● What you need to do
What lines in the records below mention "Parade"? List them all.

(Recorded data)
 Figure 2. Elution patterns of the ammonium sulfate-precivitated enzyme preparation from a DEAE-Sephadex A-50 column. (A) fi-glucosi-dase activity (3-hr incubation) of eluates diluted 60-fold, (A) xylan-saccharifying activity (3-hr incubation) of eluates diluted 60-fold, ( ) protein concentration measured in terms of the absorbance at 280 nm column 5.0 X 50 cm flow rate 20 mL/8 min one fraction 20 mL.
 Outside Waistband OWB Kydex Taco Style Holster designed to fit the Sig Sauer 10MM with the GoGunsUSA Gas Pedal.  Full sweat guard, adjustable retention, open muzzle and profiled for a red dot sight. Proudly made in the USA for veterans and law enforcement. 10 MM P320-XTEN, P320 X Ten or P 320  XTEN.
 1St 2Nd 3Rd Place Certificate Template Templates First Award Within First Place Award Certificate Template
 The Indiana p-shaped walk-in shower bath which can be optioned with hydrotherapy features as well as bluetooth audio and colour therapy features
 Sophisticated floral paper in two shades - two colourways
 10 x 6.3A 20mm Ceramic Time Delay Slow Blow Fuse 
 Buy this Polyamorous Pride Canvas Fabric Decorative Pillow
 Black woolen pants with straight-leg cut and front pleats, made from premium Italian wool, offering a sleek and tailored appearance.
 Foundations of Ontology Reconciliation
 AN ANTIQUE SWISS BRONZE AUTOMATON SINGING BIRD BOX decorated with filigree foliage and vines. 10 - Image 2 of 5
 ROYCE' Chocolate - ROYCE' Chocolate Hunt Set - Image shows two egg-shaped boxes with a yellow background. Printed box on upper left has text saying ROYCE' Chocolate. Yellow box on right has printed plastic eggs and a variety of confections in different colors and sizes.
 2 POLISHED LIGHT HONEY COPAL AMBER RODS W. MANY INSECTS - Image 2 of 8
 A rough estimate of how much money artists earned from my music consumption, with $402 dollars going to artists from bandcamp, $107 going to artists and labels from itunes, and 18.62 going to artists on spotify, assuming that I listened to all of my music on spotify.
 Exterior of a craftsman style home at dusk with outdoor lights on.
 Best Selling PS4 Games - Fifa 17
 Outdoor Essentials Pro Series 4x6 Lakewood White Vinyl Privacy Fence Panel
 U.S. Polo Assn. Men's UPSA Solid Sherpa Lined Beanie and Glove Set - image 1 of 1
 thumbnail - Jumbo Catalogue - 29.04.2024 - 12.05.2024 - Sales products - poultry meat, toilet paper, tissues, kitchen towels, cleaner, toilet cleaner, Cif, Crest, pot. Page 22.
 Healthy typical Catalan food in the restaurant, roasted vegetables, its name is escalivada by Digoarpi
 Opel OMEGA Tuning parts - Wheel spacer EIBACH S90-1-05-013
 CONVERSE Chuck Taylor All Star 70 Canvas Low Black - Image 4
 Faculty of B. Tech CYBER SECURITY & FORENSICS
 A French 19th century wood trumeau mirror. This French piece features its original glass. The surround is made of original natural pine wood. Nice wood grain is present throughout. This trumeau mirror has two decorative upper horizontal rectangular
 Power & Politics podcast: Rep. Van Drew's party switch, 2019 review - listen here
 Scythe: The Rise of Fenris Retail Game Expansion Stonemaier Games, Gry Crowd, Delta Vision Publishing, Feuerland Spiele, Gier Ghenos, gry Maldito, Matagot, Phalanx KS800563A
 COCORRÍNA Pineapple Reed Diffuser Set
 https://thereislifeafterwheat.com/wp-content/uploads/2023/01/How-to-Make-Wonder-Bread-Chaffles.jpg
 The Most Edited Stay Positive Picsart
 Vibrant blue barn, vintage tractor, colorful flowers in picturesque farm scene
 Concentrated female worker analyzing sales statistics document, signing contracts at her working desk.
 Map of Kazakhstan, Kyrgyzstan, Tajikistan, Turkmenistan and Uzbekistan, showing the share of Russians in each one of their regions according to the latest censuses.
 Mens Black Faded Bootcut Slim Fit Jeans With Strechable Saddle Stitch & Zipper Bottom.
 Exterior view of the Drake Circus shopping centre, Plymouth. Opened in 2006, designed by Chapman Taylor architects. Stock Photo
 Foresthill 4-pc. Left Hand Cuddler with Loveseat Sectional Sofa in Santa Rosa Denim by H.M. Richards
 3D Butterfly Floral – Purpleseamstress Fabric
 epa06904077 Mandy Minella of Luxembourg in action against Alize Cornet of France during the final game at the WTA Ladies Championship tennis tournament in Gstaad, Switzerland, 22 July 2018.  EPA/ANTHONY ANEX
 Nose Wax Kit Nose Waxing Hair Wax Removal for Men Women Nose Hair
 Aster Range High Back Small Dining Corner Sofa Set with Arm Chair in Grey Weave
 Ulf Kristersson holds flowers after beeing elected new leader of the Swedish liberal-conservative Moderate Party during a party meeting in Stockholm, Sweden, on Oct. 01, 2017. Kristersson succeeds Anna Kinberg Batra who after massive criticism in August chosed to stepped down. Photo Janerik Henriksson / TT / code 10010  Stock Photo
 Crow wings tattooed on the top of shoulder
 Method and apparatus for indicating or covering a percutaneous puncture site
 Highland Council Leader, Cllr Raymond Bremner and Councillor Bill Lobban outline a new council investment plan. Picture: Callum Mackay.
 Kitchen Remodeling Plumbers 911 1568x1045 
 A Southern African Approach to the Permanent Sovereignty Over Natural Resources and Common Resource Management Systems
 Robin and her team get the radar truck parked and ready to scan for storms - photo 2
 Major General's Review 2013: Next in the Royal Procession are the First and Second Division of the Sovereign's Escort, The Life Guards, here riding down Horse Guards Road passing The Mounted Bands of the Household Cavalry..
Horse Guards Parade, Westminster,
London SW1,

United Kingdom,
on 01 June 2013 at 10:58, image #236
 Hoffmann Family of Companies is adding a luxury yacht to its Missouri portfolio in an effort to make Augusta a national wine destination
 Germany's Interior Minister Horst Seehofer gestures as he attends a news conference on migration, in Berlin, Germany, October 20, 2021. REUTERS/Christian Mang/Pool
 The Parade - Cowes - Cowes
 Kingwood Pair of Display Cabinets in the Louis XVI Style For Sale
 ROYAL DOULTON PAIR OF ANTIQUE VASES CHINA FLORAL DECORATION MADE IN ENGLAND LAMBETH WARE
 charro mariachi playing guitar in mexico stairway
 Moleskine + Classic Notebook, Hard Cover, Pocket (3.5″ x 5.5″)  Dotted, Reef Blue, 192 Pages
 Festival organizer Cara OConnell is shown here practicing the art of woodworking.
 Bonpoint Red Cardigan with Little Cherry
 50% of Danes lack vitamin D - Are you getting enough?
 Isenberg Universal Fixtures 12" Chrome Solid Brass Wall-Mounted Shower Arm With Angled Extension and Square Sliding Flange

● Solution below
Horse Guards Parade, Westminster,
 The Parade - Cowes - Cowes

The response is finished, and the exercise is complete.